Gold: Setting Up For Another Fall

September 13, 2014 Updated: April 23, 2016

In the final months of 2013, I issued multiple warnings for those bullish on precious metals and their ETFs: here, here, here, and here, until prices finally reached my proposed bearish target here. What was most surprising about the series was the fact that there was almost nothing that could be done to convince gold bulls that prices would fall — even as they continued to plummet. Of course, gold markets closed 2013 in negative territory for the first time in more than a decade. The SPDR Gold Trust ETF (NYSEARCA:GLD) closed just above the 115 target that I initially outlined. Sometimes I wondered if these naysayers even had access to accurate chart data.

If nothing else, the time and effort spent on these articles provided a lesson in the various ways gold bulls will ignore facts, twist arguments, and exercise the belief that simply wishing prices higher will help to reverse earlier losses. Of course, the market will never come to you. Any consistent investment strategy requires the ability to trade markets for what they are — and not what we hope they will be. Unfortunately, investment losses tend to create emotional reactions and delusional responses to facts that are abundantly obvious to those without negative exposure. So, we can’t exactly say that any of this was really a major surprise.

Fed Finally Takes a Stance

Most of my arguments have been based on the misunderstood view of the economy that is typically held by those bullish on precious metals, and the fact that tapering in quantitative easing programs would be happening sooner rather than later:

“The real driver here is the market’s reaction to changing expectations in the Dollar and the apparent [emphasis added] reluctance at the Fed to put its “money where its mouth is,” and actually commit to an exit strategy. An end to quantitative easing stimulus is inevitable, and if we see a stronger than expected performance in fourth quarter GDP in the US, markets will again be forced to position for that inevitability.”

This was written toward the end of October 2013, just after the market received its “no change” surprise at the September FOMC meeting. This period was also marked by a sweeping belief that QE would continue forever, the value of the U.S. Dollar would crash to nothing, and that the economy would never be able to stand on its own without the constant aid of central bank stimulus. If this sounds like I am exaggerating, read the comments in the articles cited above. None of this has come to fruition, and it is time for investors in precious metals to start looking at reality rather than holding onto positions for too long and then justifying those decisions with conspiracy theories.

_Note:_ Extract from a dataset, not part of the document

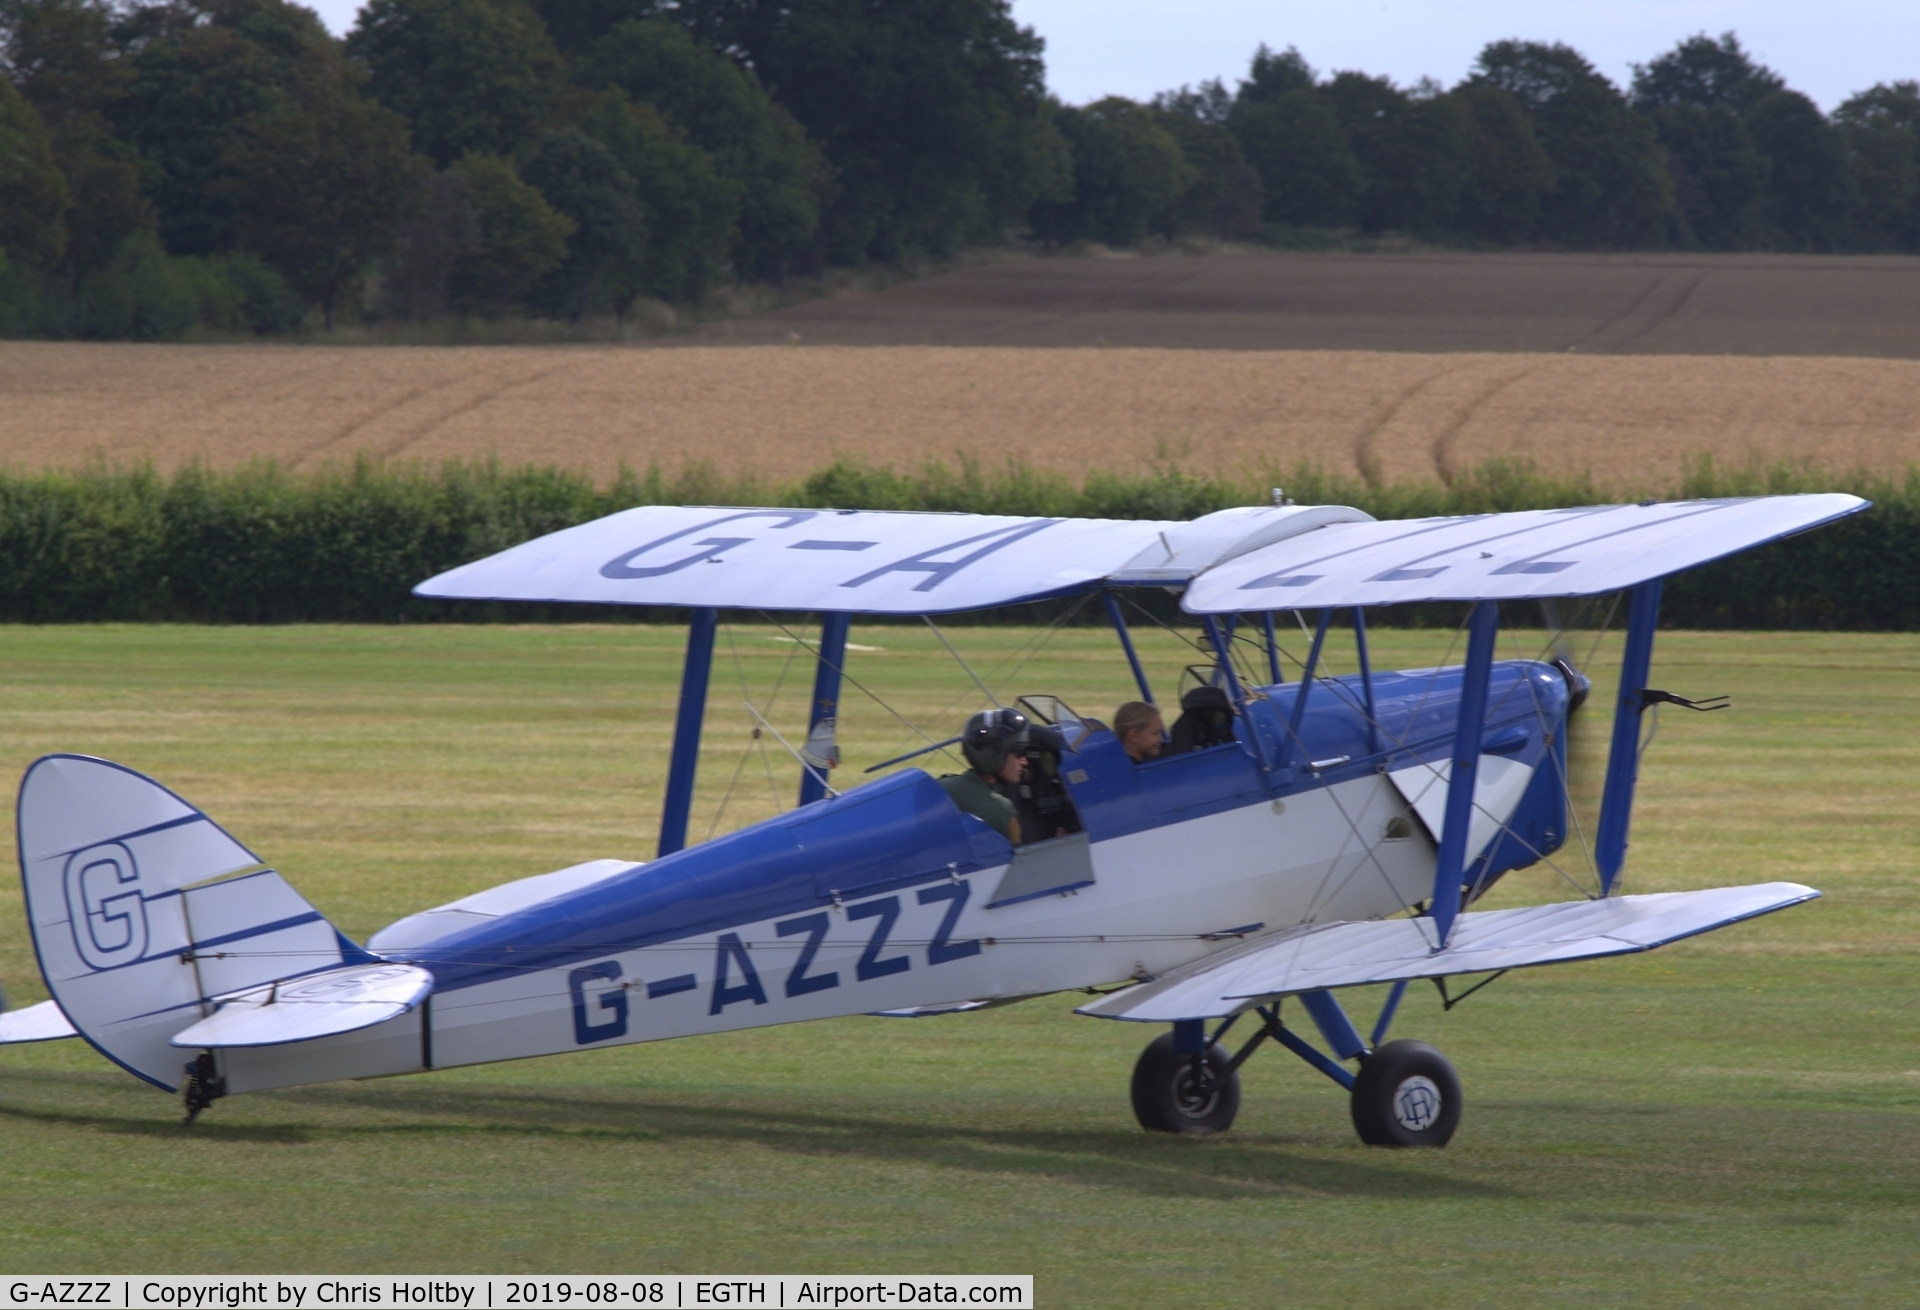 G-AZZZ, 1944 De Havilland DH-82A Tiger Moth II C/N 86311, 1944 Tiger Moth taxiing for take-off at the 'Gathering of Moths' Day 2019 at Old Warden

Now that the Fed has opted to reduce monthly asset purchases on two separate occasions — even in the face of weakening employment data — it is important for investors to start thinking about the long-term, rather than what might be happening in today’s Yellen comments.

Headline results in Non Farm Payrolls have started to weaken for the last two months. But the latest unemployment rate numbers have fallen to 6.6%, which is very close to the 6.5% “line in the sand” that was originally suggested by Ben Bernanke. We can make any argument we want about the relationship between the Non Farm Payrolls and the jobless rate, but the fact is that the Fed has set a clear target and we are likely to see them act on those intentions. The end of Fed stimulus means a higher U.S. Dollar, as there will be fewer Dollars running through the system. For those holding GLD, this is a flashing red light on your car dashboard telling you your brakes have given out. Precious metals markets are just setting up for another crash.

Chart Perspective: GLD

Epoch Times Photo

GLD Chart Source: Yahoo! Finance

In my last article, I recommended closing short positions in GLD. But this had nothing to do with the belief that we are in the early stages of a bull market. The declines into the end of last year were drastic, and extreme market activity like that (in any direction) means its time to reconsider your decisions. From a chart standpoint, the upside break of 1270 is important and suggests we have not yet reached a peak. The longer-term perspective, however, shows that it is just a matter of time before new sells kick-in.